KELEIGH ISHAMGRIFFITHS
[email protected]These pancakes were a bit bland for my taste. I think I would have liked them better if I had added some more seasonings to the batter.
Milton Nyelle
[email protected]I followed the recipe exactly and my pancakes turned out perfectly. They were light and fluffy, with a crispy exterior. The bacon and parmesan added a nice savory touch.
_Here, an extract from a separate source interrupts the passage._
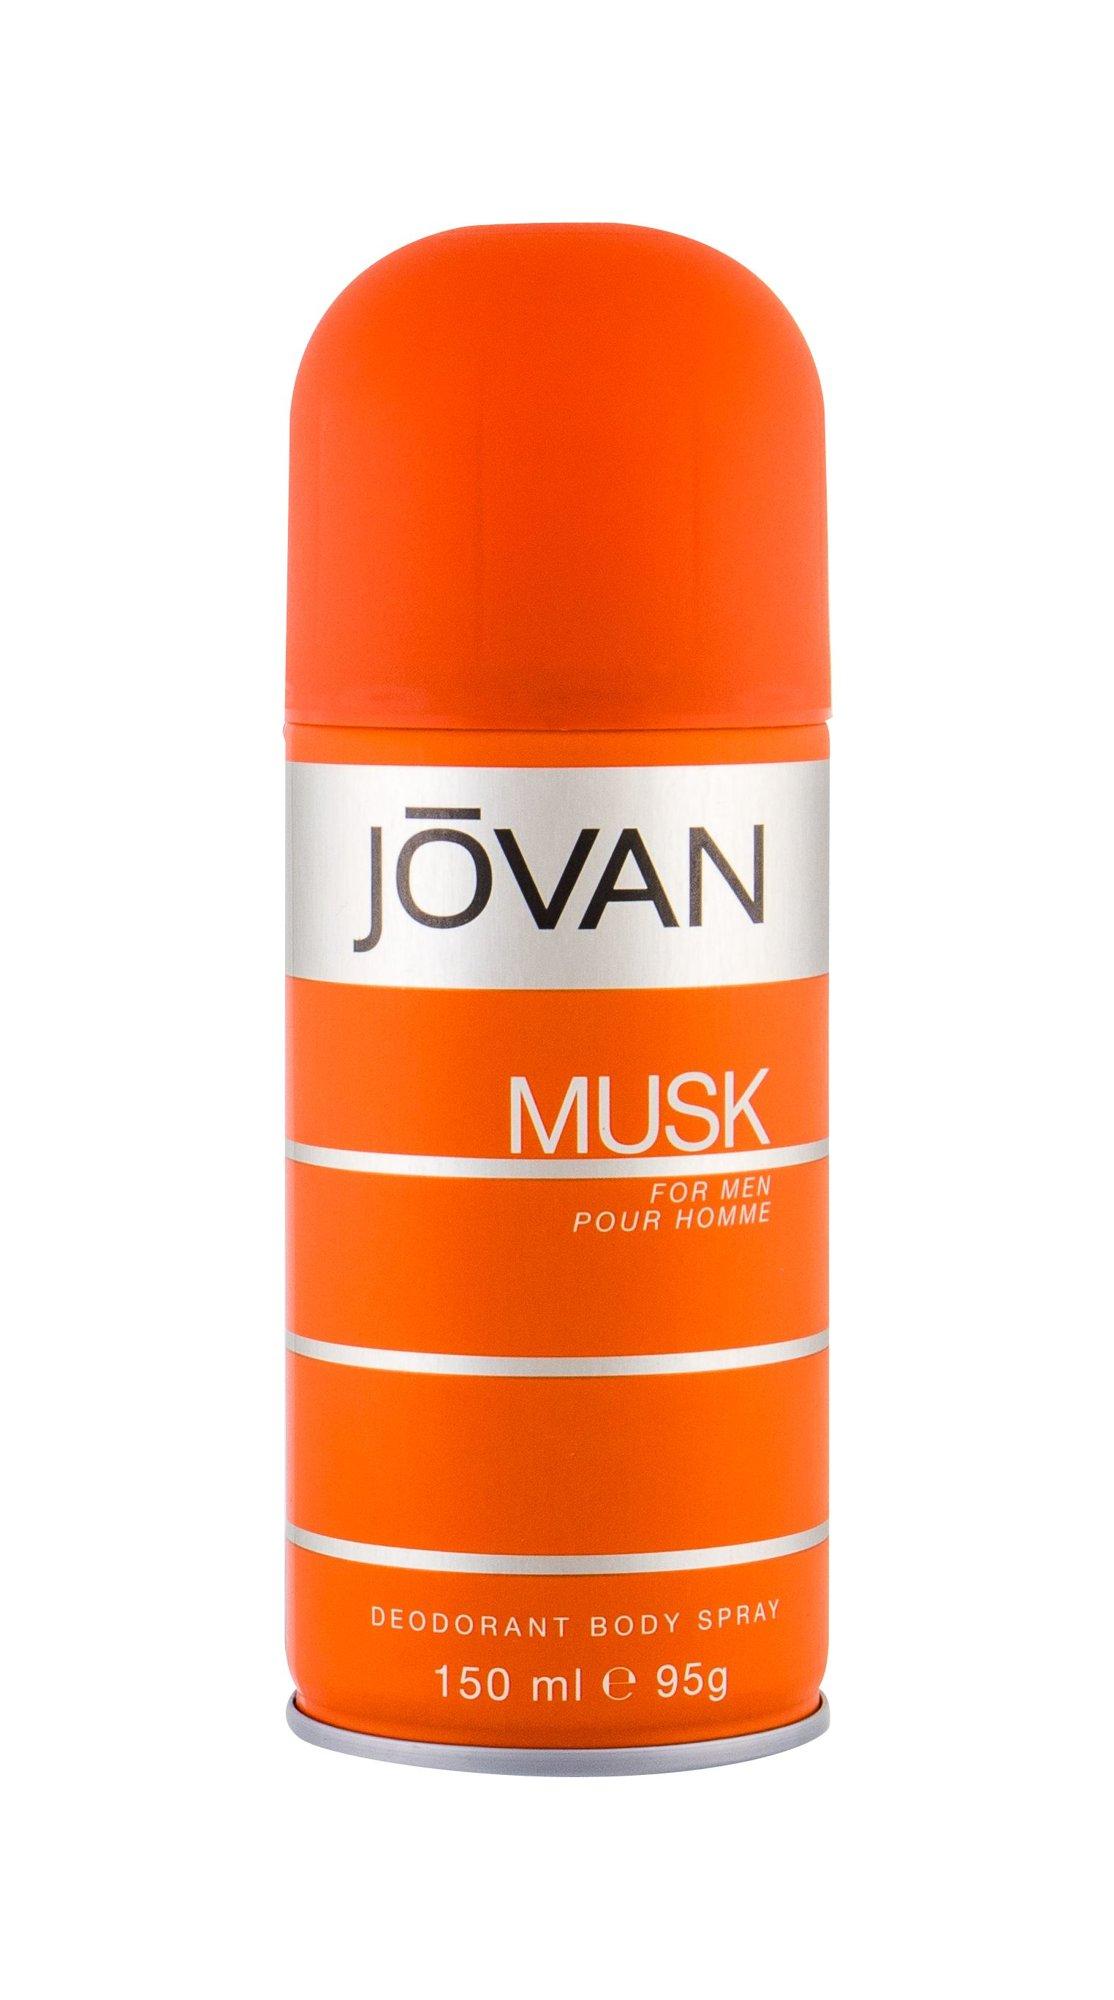 Jovan Musk Deodorant 150ml

I would definitely recommend this recipe to anyone looking for a delicious glute
Mirzajani Mirzajani
[email protected]These pancakes were a bit too dense for my taste. I think I would have preferred them if they were made with all-purpose flour instead of cornmeal.
CrazyCrypticKid
[email protected]I'm always looking for new gluten-free breakfast recipes, and these pancakes definitely fit the bill. They were light and fluffy, and the bacon and parmesan gave them a nice savory flavor. I will definitely be making these again!
Tik tok Roast シ
[email protected]These pancakes were easy to make and tasted great. I liked that they were gluten-free, so I could enjoy them without feeling guilty.
Brandy Bailey
[email protected]I made these pancakes for breakfast this morning and they were delicious! I used regular flour instead of gluten-free flour and they turned out great. I also added some chopped green onions to the batter, which gave them a nice extra flavor.
Joy Halder
[email protected]I'm not a huge fan of cornmeal pancakes, but these were surprisingly good! The bacon and parmesan added a lot of flavor, and the pancakes were nice and fluffy.
Gadesh Bhujel
[email protected]These pancakes were a hit with my family! They were fluffy and flavorful, and the bacon and parmesan added a nice savory touch. I will definitely be making these again.